Over the next few months, it’s my sincere desire to share with you some of the amazing technology accomplishments currently underway at First Data and how we are attempting to change the industry.  In any conversation about the future, you must begin by framing the past.   As you may or may not know First Data is a company that was founded in 1971.   It is a company hallmarked in its early years by significant technology innovation with a number of ‘firsts’ in the enablement of credit card processing across the globe. 

Throughout the years the company grew both organically as well as through large numbers of mergers and acquisitions on a global scale which ultimately enabled it to become the international leader it is today.  I will spare folks a deeper commercial of the company only to state that today it has more scale and technology reach than any other company like it in the #Fintech space. 

I share this information because it’s that unencumbered growth over decades of acquisition, an evolving and changing regulatory and compliance field of requirements, and a historically growing list of platforms and services that ultimately led to the largest trove of ‘Cruft’ I have ever been challenged with in my personal career. It’s a challenge 45 years in the making. 

As you may recall I first defined ‘Cruft’ while engaged at the Turn-Around at AOL:

Cruft is defined as years of build-up of technology, processes, politics, fiscal orphaning, and poor operational hygiene that ultimately impede technical agility and operation.  Additionally, Cruft can create an acidic cloud of lethargy or apathy in the workforce that ultimately sucks the energy out of innovation from within.

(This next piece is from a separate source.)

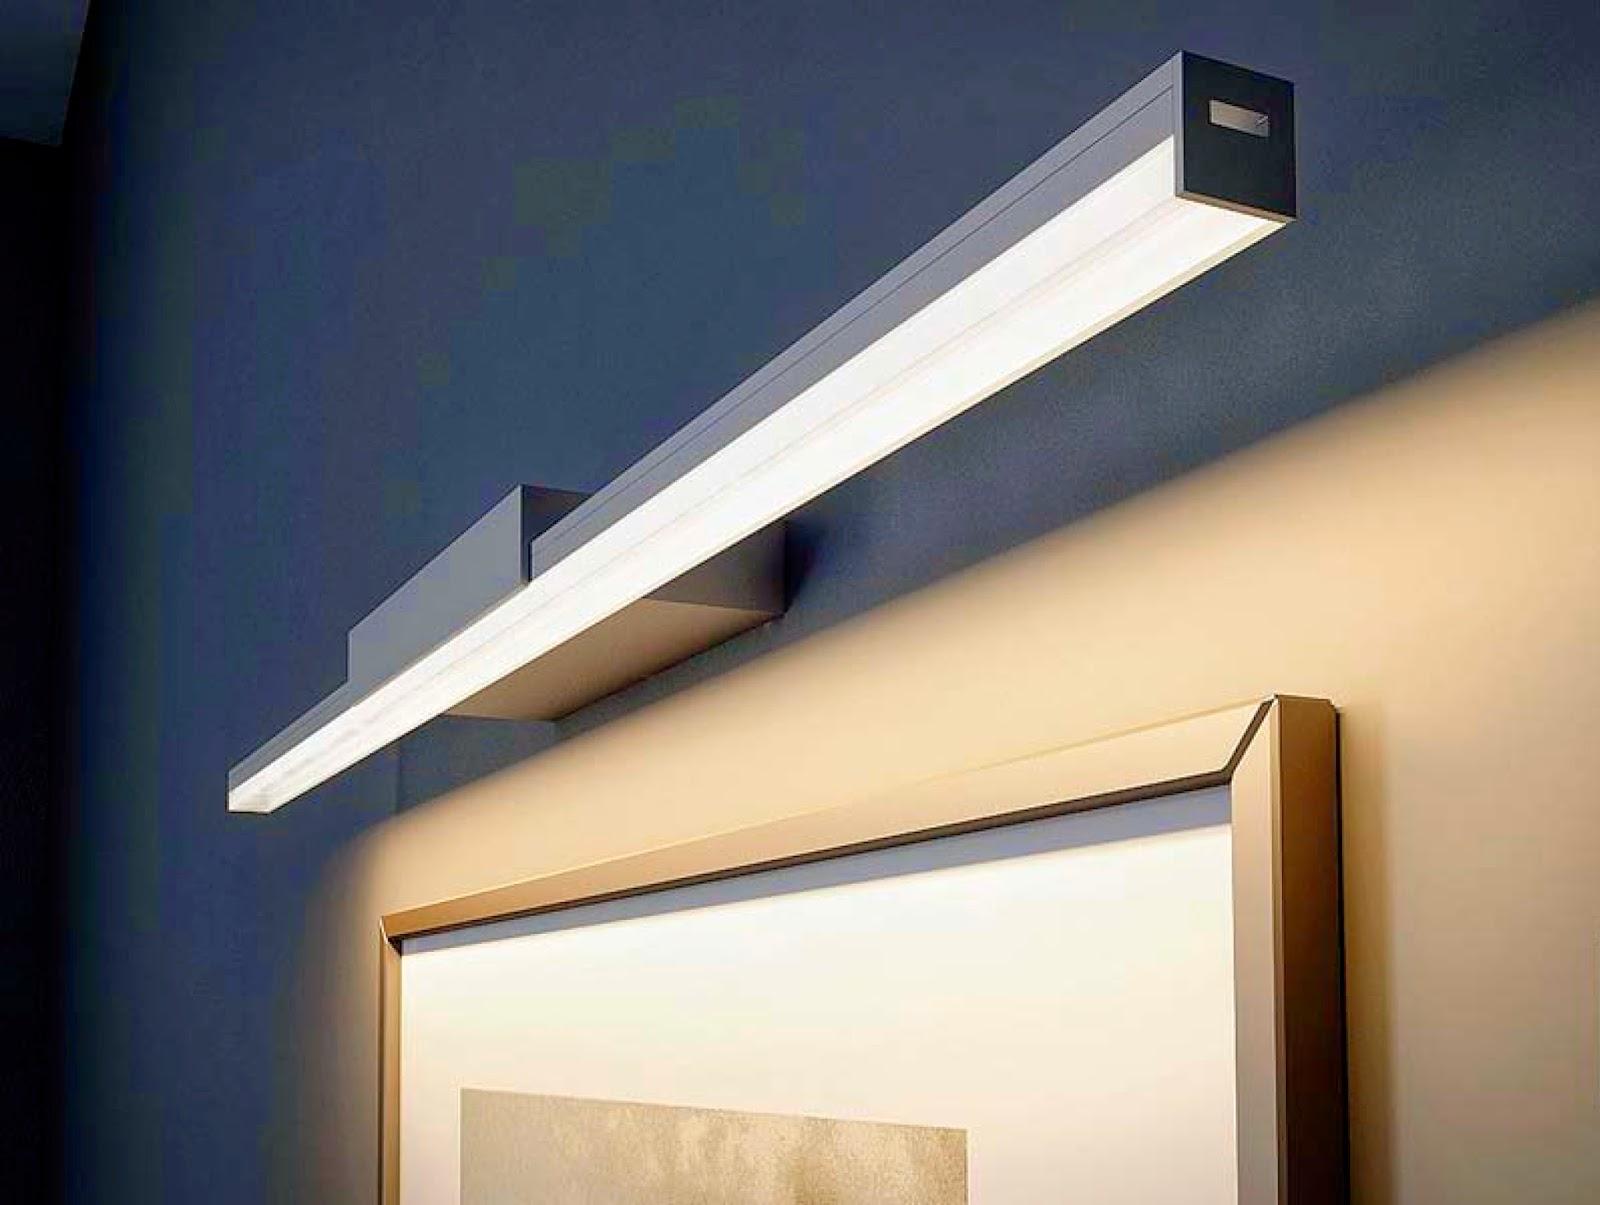 Iluminaci n led perfiles led - Iluminacion de pared ...

When I originally defined the term I was referring to the work we accomplished attacking the Cruft in a different organization which ultimately led to the company winning the Uptime Institute’s “Server Round-Up” Award. That award was created to promote full IT and Facilities integration and improve overall energy efficiency.  While recognized for the energy efficiency improvement, it was really a by-product of other technological and organizational wins for the company.

Our work on ‘attacking the Cruft’ at First Data has resulted in similar, in fact, greater energy cost savings, but more importantly it has reduced and continues to reduce the operational complexity of our environments.  Attacking the Cruft problem along the technology, process, and hygiene axes have resulted in some very powerful and significant results.  While we are far from completing the task, the last twenty-four (24) months have yielded some mind-numbing progress.

Is this really my metric? So Not Technical…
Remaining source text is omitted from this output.